Multivariate rate ratios calculated by restricted cubic spline Cox proportional
hazards model. Rate ratios are adjusted for age (in months), body mass index
(quartiles), educational level (less than high school, high school, university),
total energy intake (quartiles), and energy-adjusted intakes of saturated
fat, dietary fiber, calcium, zinc, beta carotene, folate, and vitamin B6 (all in quartiles). Solid curve represents point estimates and dashed
curves represent 95% confidence intervals.

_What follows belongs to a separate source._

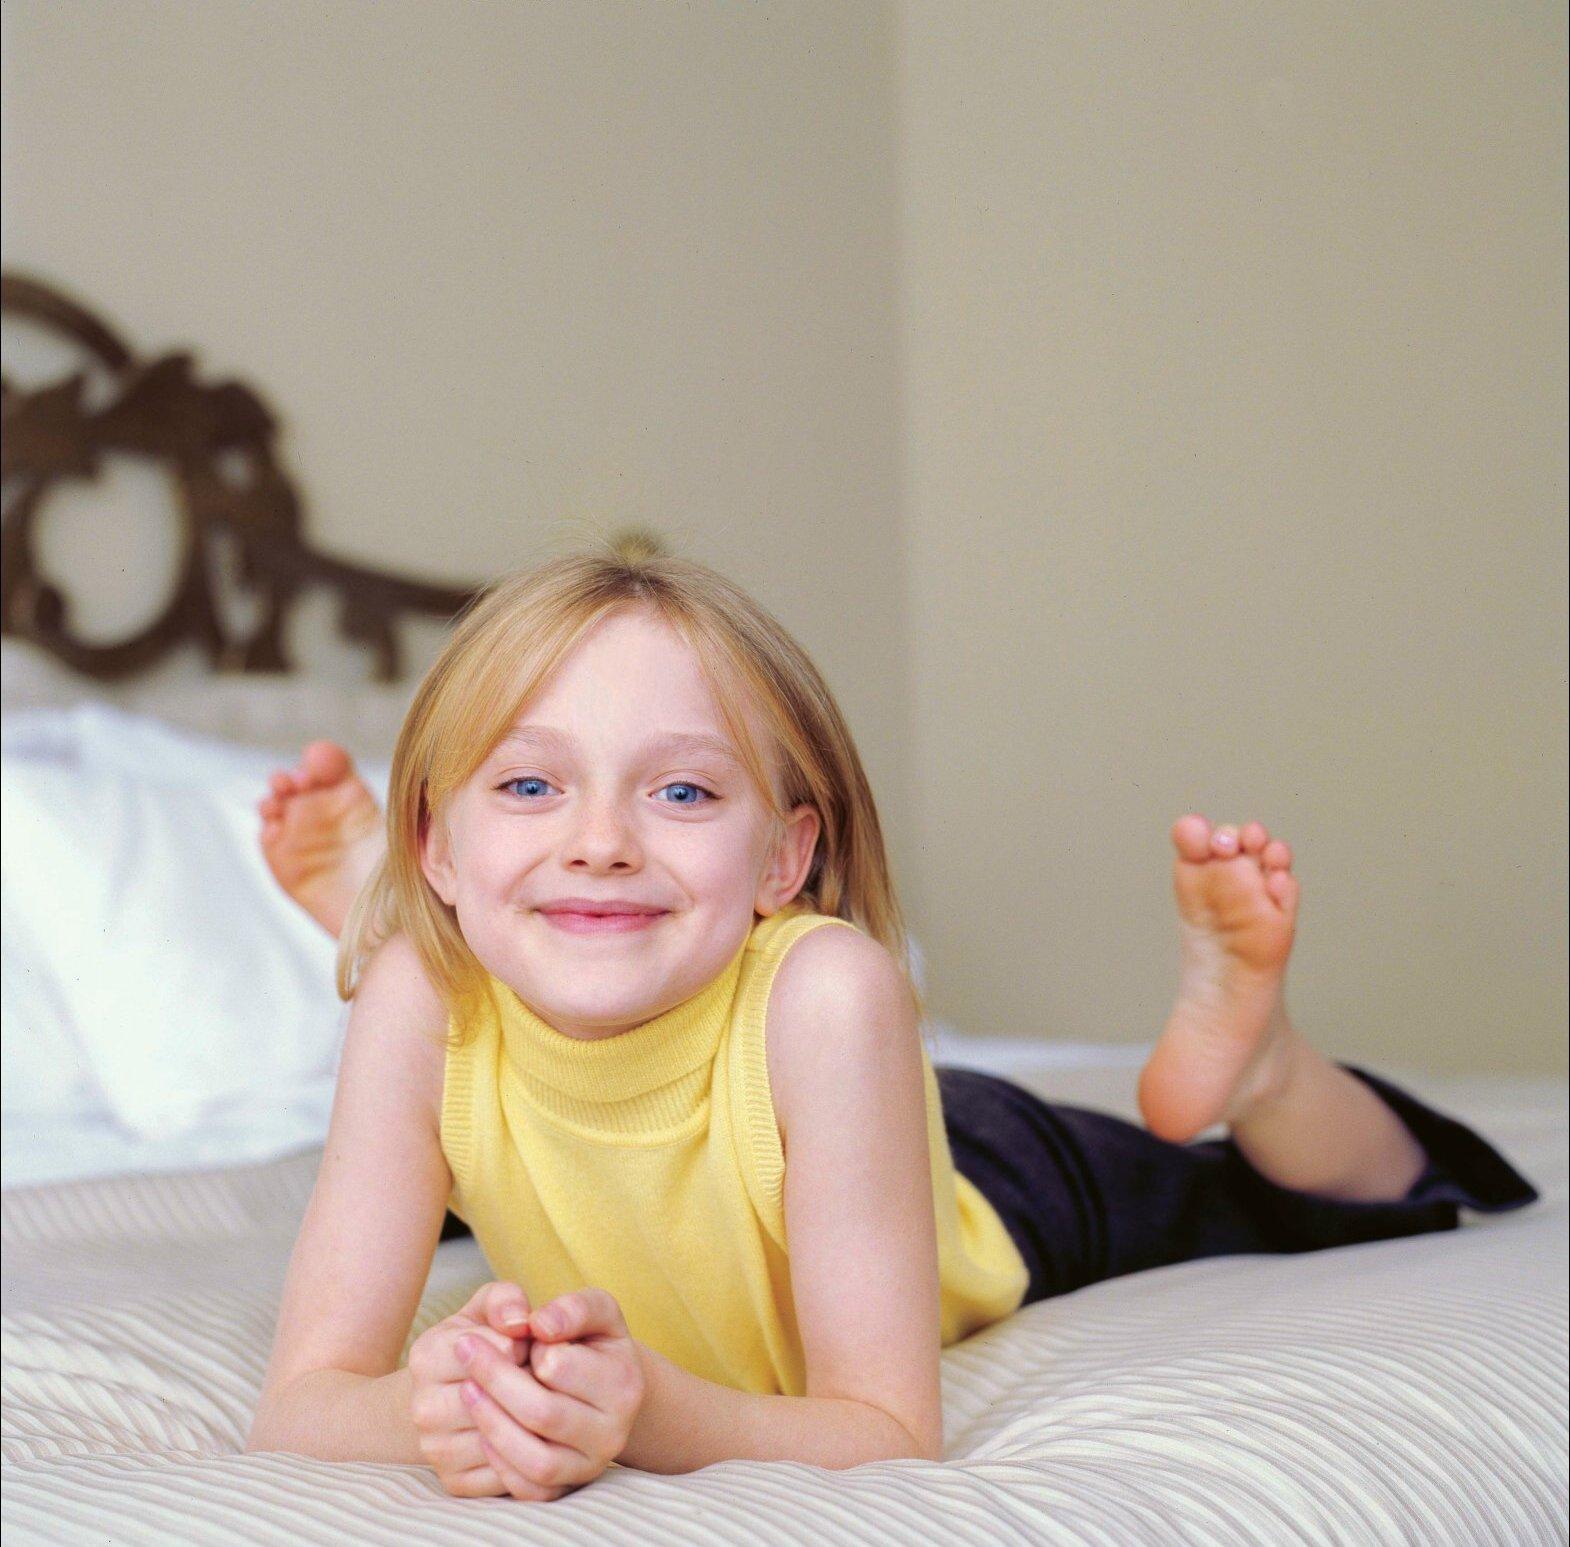 Dakota Fanning childhood photo one at pinterest.com

Larsson SC, Bergkvist L, Wolk A. Magnesium Intake in Relation to Risk of Colorectal Cancer in Women. JAMA. 2005;293(1):86-89. doi:10.1001/jama.293.1.86
Author Affiliations: Division of Nutritional
Epidemiology, The National Institute of Environmental Medicine, Karolinska
Institutet, Stockholm, Sweden (Ms Larsson and Dr Wolk); and Department of
Surgery and Centre for Clinical Research, Central Hospital, Västerås,
Sweden (Dr Bergkvist).
Context Animal studies have suggested that dietary magnesium may play a role
in the prevention of colorectal cancer, but data in humans are lacking.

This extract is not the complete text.